Waugh was a writer obsessed with technique. Virtually everyone with whom he discussed his work, in interviews and in correspondence, has testified to the meticulousness with which he chose both the language and the incidents of his books. For such a writer, the movement of the narrative point of view, over a period of some thirty years, from the objective, through the first person, to the limited third person, reveals much about Waugh’s development as an artist and about the degree of his engagement with the world he described in his fiction.

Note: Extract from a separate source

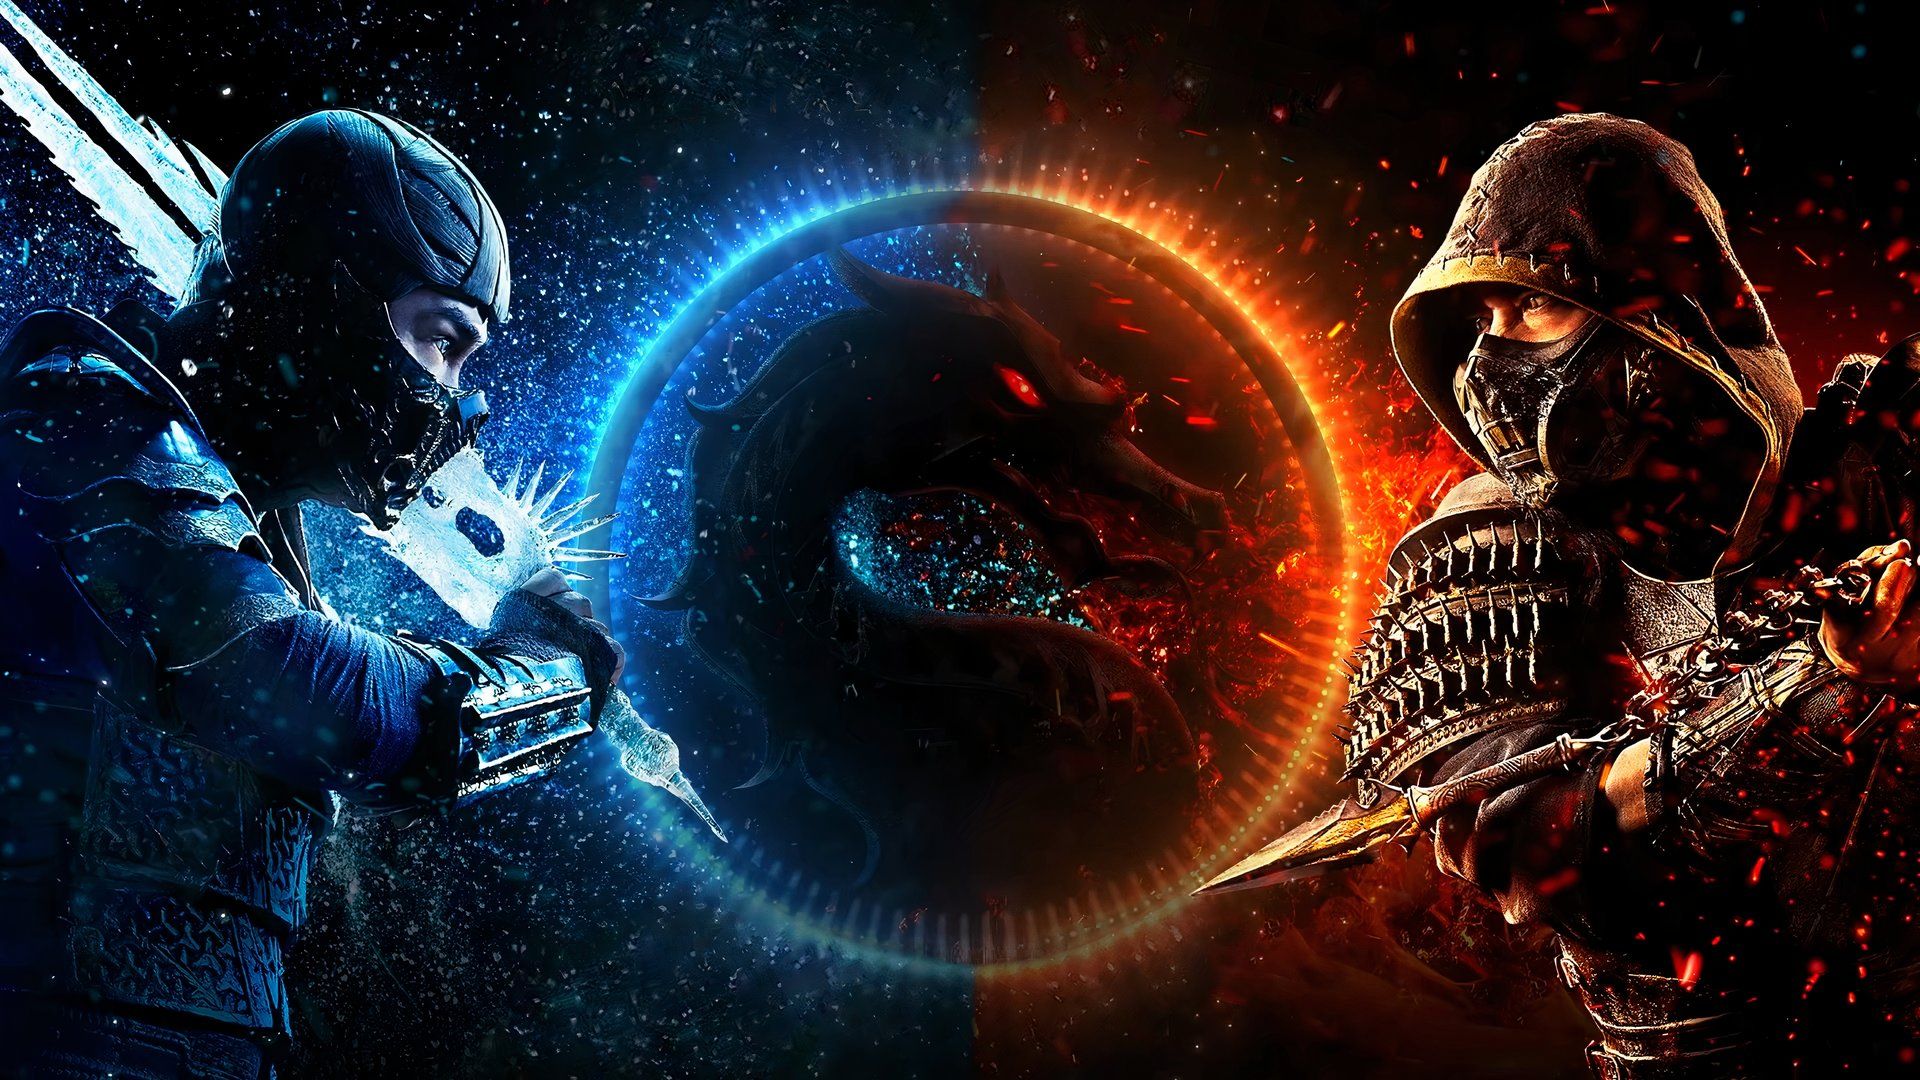 Sub-Zero & Scorpion face-off in front of the Mortal Kombat logo.

Many writers pass through phases or periods of change. Yet few literary careers have a division as pronounced as Waugh’s. Was it the Catholicism, medievalism, and romanticism of the postwar novels, or was it the altered personas, the new techniques, and stylistic tendencies that led Edmund Wilson to believe Waugh had strayed over a precipice? A contrary view is put forward by the perceptive critic James E. Carens, who believes that the “second stage” of Waugh’s career, ushered in by Brideshead Revisited and leading inevitably to the war trilogy, produced his most satisfying satire. In the novels dating from 1945 to 1961, he successfully exposes folly while introducing positive values absent from the early books. Are the novels of Waugh’s middle years the blighting of early promise, or are they his crowning achievement? The question poses extreme alternatives, but they are appropriately extreme. Waugh consistently evoked extreme responses, both as an artist and as a man.

Vile Bodies

First published: 1930

Type of work: Novel

The “bright young people” of the postwar generation lead frenetic, chaotic, and absurd lives.

Adam Fenwick-Symes, the protagonist of Vile Bodies, is, in a sense, a man of the world: a novelist, recently returned from Paris, and one of the “bright young people.” Yet he is passive, an antihero like so many other Waugh protagonists. Things simply happen to him as he drifts through the novel.

When the young novelist disembarks following a perfectly awful Channel crossing, an overzealous British customs officer leafs through the just-completed manuscript of his autobiography, determines it is too lubricious for native consumption, and seizes it on the spot. His action causes Adam to breach his contract with his publisher. Adam is then forced to sign a new one that commits him to virtual bondage. Because he has no money, he is unable to marry his fiancé, Nina Blount. The remainder of the novel is highly episodic; what plot movement there is emanates from two rather mild conflicts: establishment disapproval of the younger generation and Adam’s desultory quest for the means to marry Nina.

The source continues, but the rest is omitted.